TensorFlow Speech-to-Text Transcription: I have also implemented a speech-to-text transcription system that converts audio files into text. This system will be used to transcribe debates and speeches, allowing the bot to analyze the content and provide feedback on speech patterns and content.

The Atlas Land Intiative (ATLI)

CURRENTLY BUILDING:
ATLI is a project I am currently building to help family farmers purchase land by evaluating plot qualities using AI and data analysis. The initiative focuses on developing software that tackles challenges like climate change and farm proximity to markets, empowering farmers to make informed land-buying decisions. It uses a combination of GIS data, soil quality assessments, and environmental factors to evaluate potential land parcels. The analysis focuses on key metrics such as soil fertility, water availability, and proximity to markets, providing farmers with personalized insights into the best land options for their needs.
Sample Utility ScoreXGBoost Hyperparemeters Beta 0.1
Random Forest Regression: So far, I have implemented a Random Forest model with customized hyperparameters including n_estimators range of [100-1000], max_depth [4-64], and min_samples_split [2-32], demonstrating understanding of ensemble learning mathematics.
XGBoost Algorithm: Applied gradient boosting with learning rates [0.01-0.3], max_depth [3-10], and gamma regularization [0-0.4], showcasing knowledge of gradient descent optimization and boosting mathematics.

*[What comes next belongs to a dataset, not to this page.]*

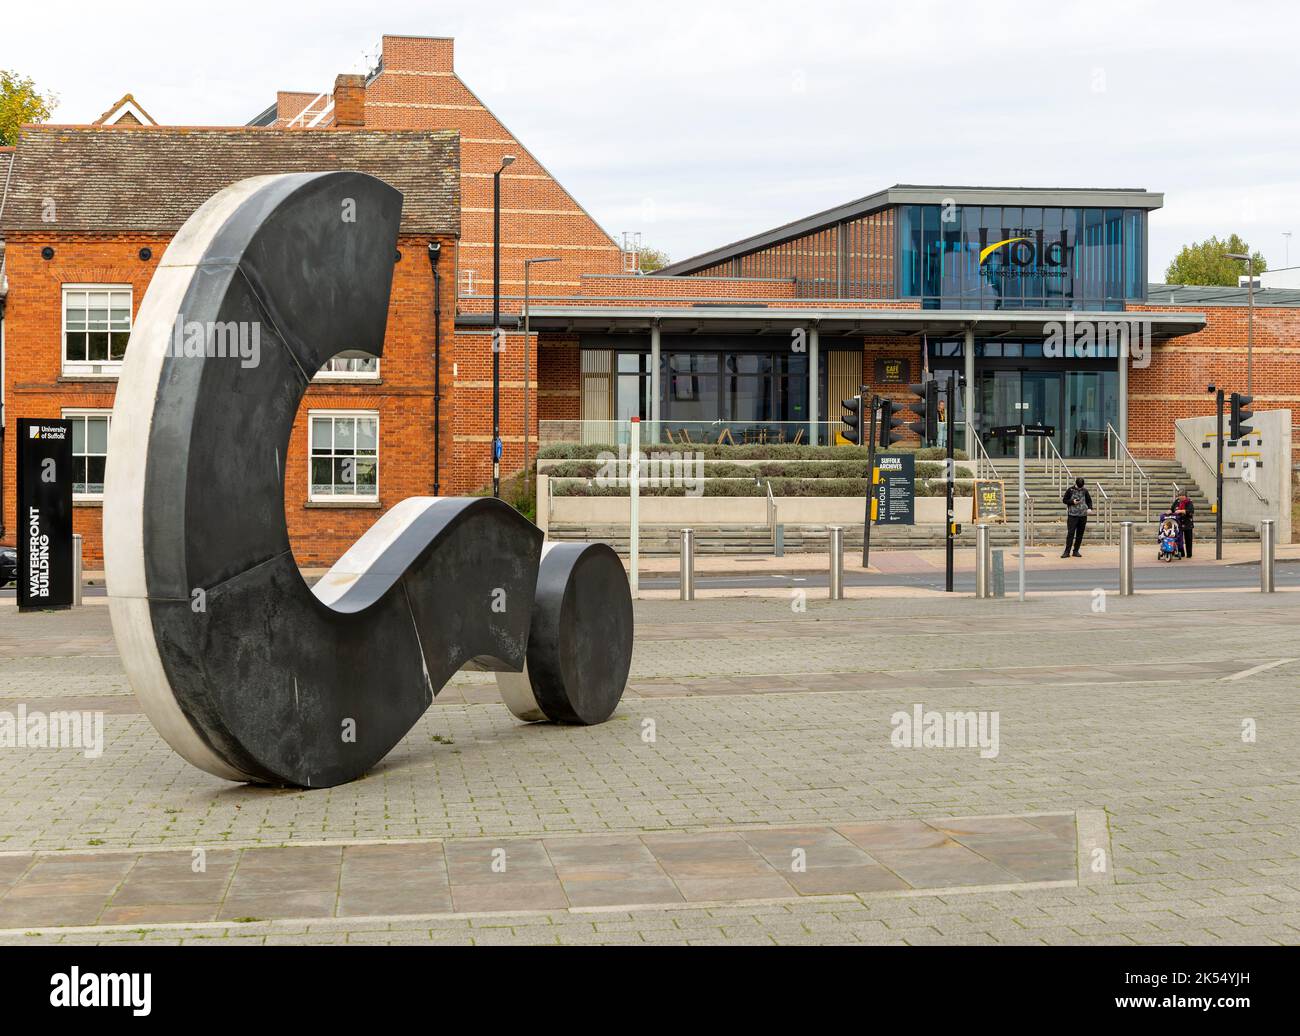 Sculpture de marque d'interrogation par Langlands et Bell, le bâtiment d'archives de Hold, Ipswich, Suffolk, Angleterre, Royaume-Uni Banque D'Images

Grid Search Optimization: Used GridSearchCV with 5-fold cross-validation to optimize model parameters, showing understanding of hyperparameter optimization mathematics.
Spatial Join Operations: Implemented complex spatial joins between farm boundaries and soil quality data using GeoPandas, requiring understanding of geometric operations and spatial relationship calculations.
Geospatial Visualization: Created choropleth maps using Folium with customized color gradients and opacity settings, showing proficiency in geospatial data visualization algorithms.
Distance Algorithms: Implemented inverse distance weighting for water source proximity calculations within 5-mile radius, demonstrating knowledge of geographic distance algorithms.
Statistical Normalization: Applied MinMaxScaler and StandardScaler transformations to normalize land suitability scores between 0-1, demonstrating understanding of statistical standardization techniques.